When Nergal goes to visit Billy's family for the weekend, he ends up staying with them over a year. When Billy finally asks his uncle to leave, Nergal says he cannot return home because he is a complete failure, having lost at a board game 599 times in a row against his own family, and experiencing constant disappointment elsewhere. Billy and Grim tell him to not worry about being a failure, but to embrace it. After training with Billy and Grim, Nergal returns home and he finally wins at the board game, but he also makes a crack in the ceiling and his home starts filling with lava.
| 51a | 12a | "Ecto Cooler" | Russell Calabrese and Sue Perrotto | Maxwell Atoms | Maxwell Atoms | October 14, 2005 | TBA |
As Billy desires to be "cool" like Sperg, he has an ectoplasmic manifestation coming out of his mouth. The ectoplasm grows full size and turns out to be the ghost of nineteenth-century British poet Lord Byron, who tries to teach Billy to be cool, using elaborate poetry instead of bare muscles. Billy uses a poem to insult Sperg's mother, and Sperg challenges Billy to a duel. Billy and Lord Byron fight Sperg and his gang, but are badly beaten. Byron tells Billy he has been trained in the arts of coolness, and disappears.
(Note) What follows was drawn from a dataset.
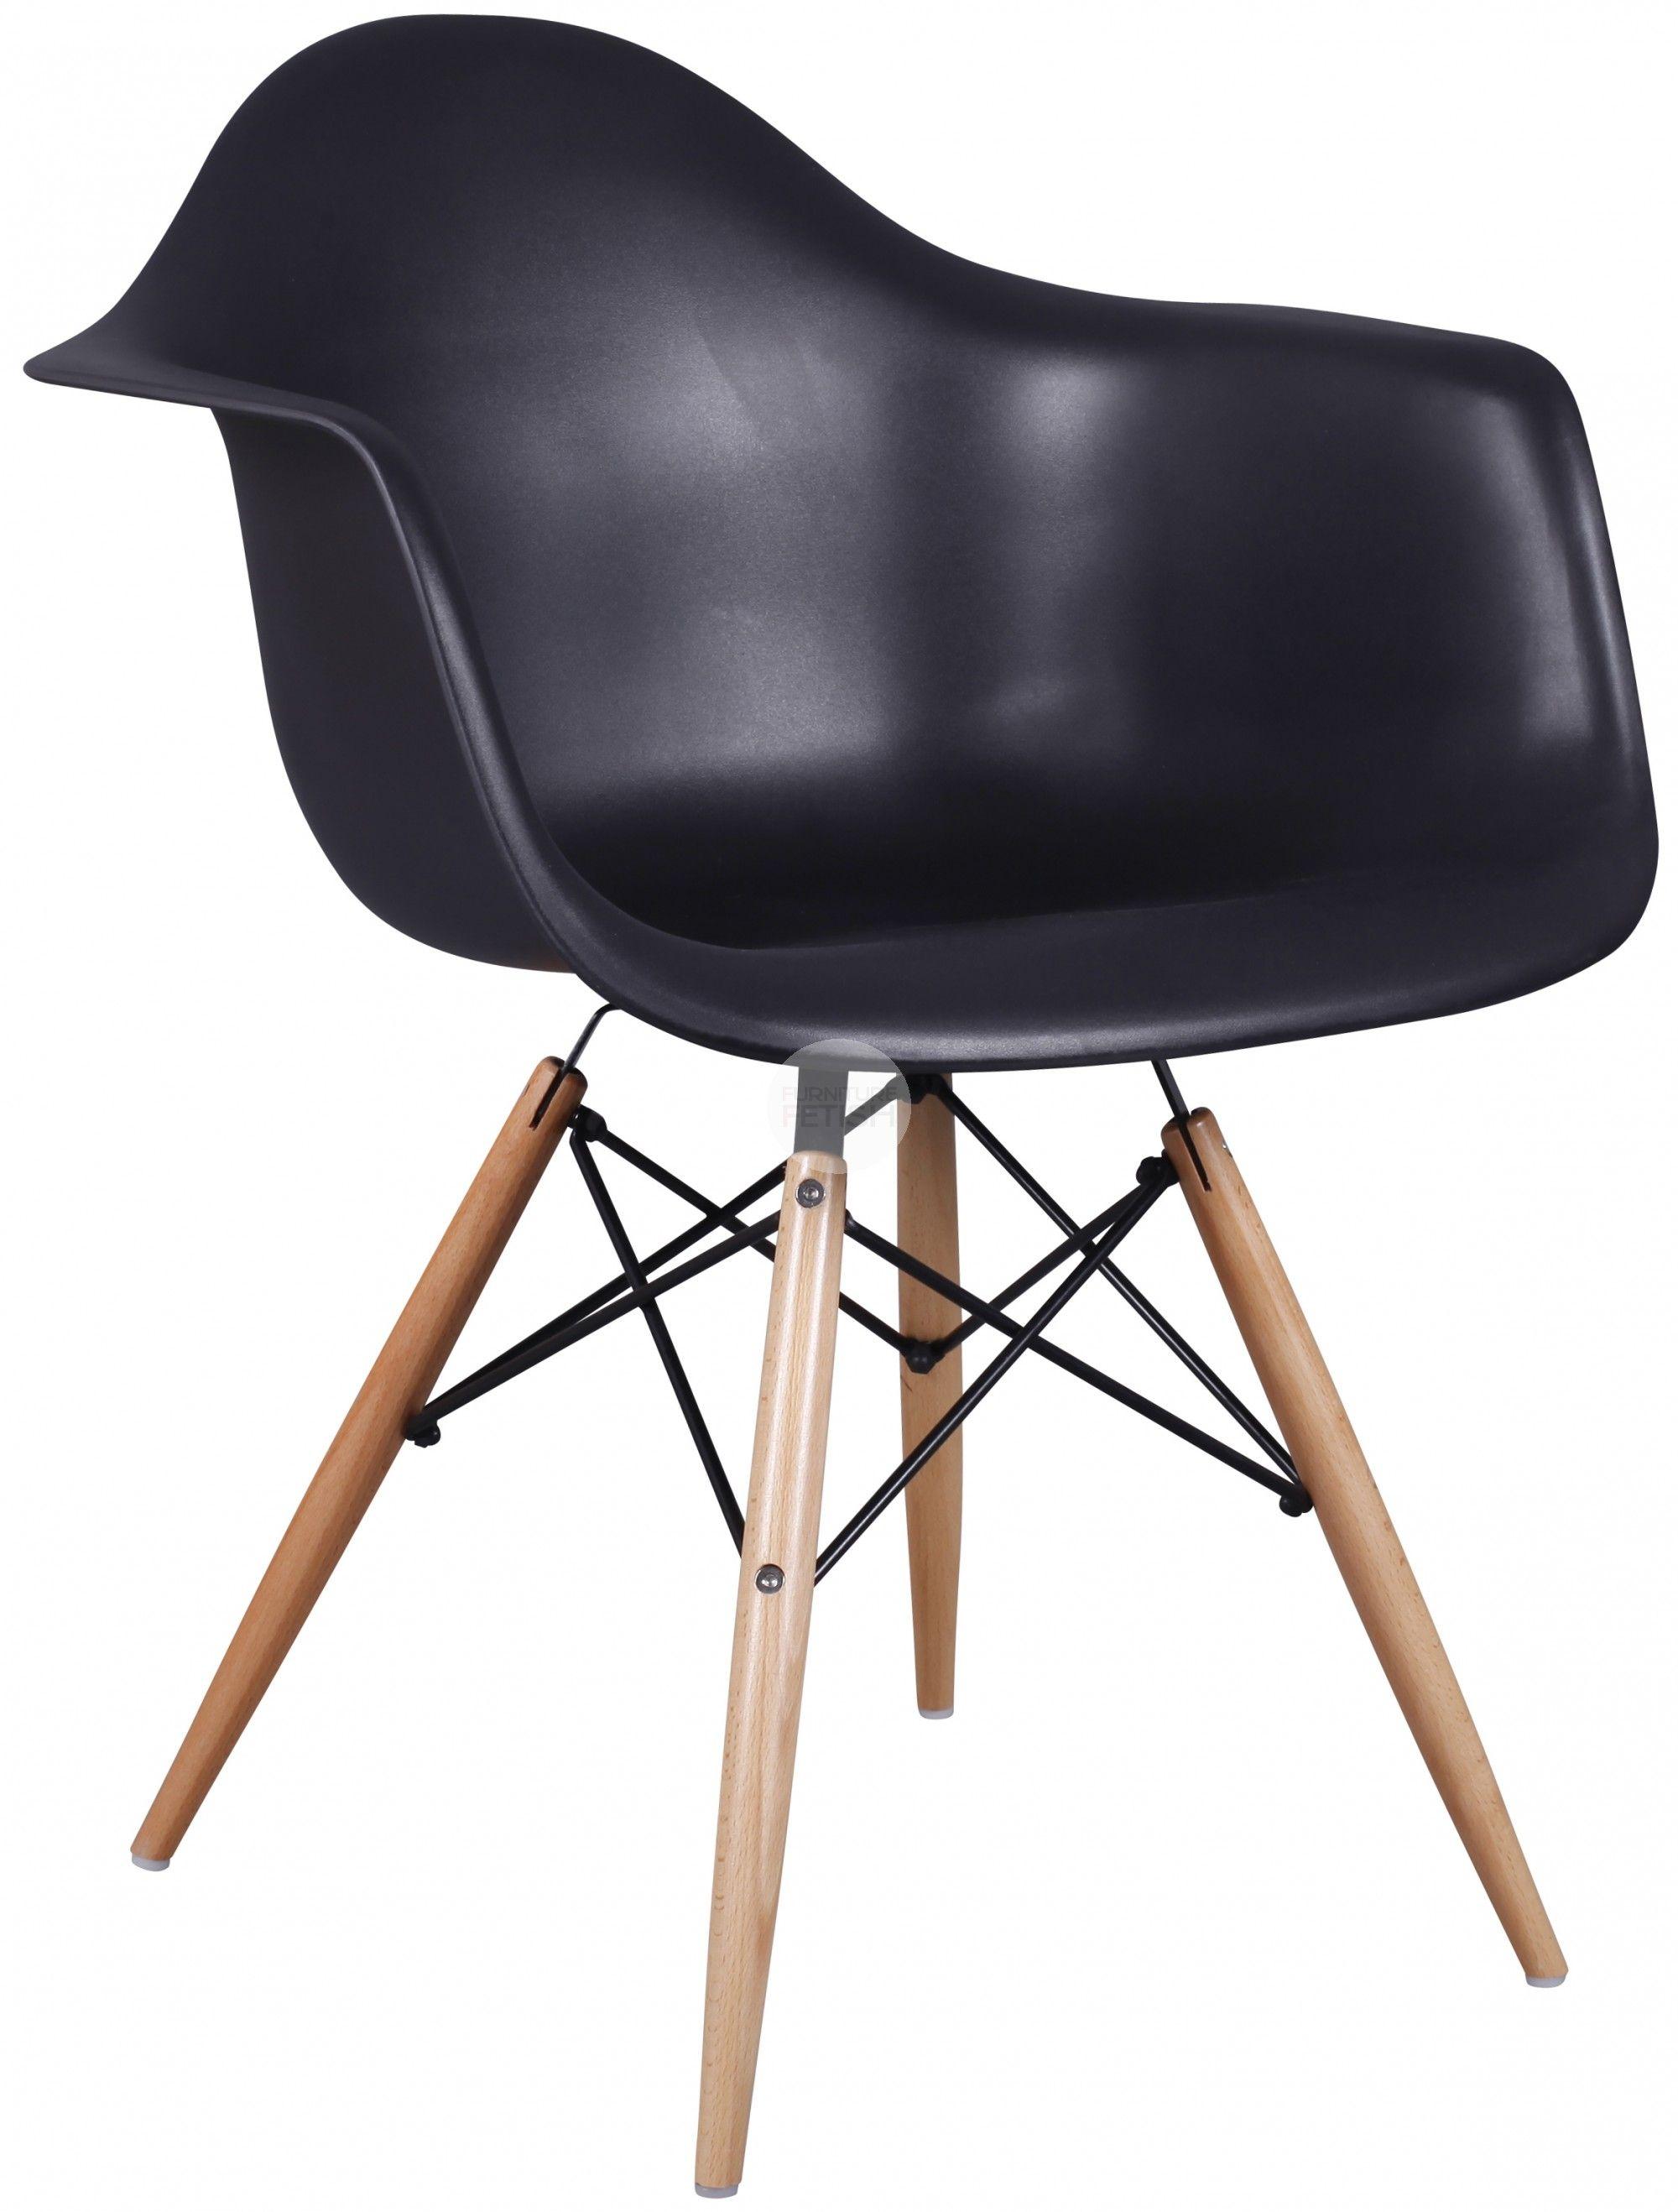 replica eames chair - google search | meeting space 3 | pinterest

| 51b | 12b | "The Schlubs" | Eddy Houchins | Maxwell Atoms | John Holmquist | October 14, 2005 | TBA |
As Grim watches the entire season of "My Troubled Pony" (parodying My Little Pony), he learns from Mandy that the show was cancelled and does not have an ending. Grim decides to reap the "Schlubs" (a parody of The Smurfs), 100 creatures that live in Billy's yard, to melt them into gold so he can finance the creation of the series finale. Grim must get past Billy and the aggressive Schlubs themselves, including the single, large female (a parody of Smurfette). After Grim thinks he got the creatures with his scythe, Mandy appears to have used all the gold herself to become rich.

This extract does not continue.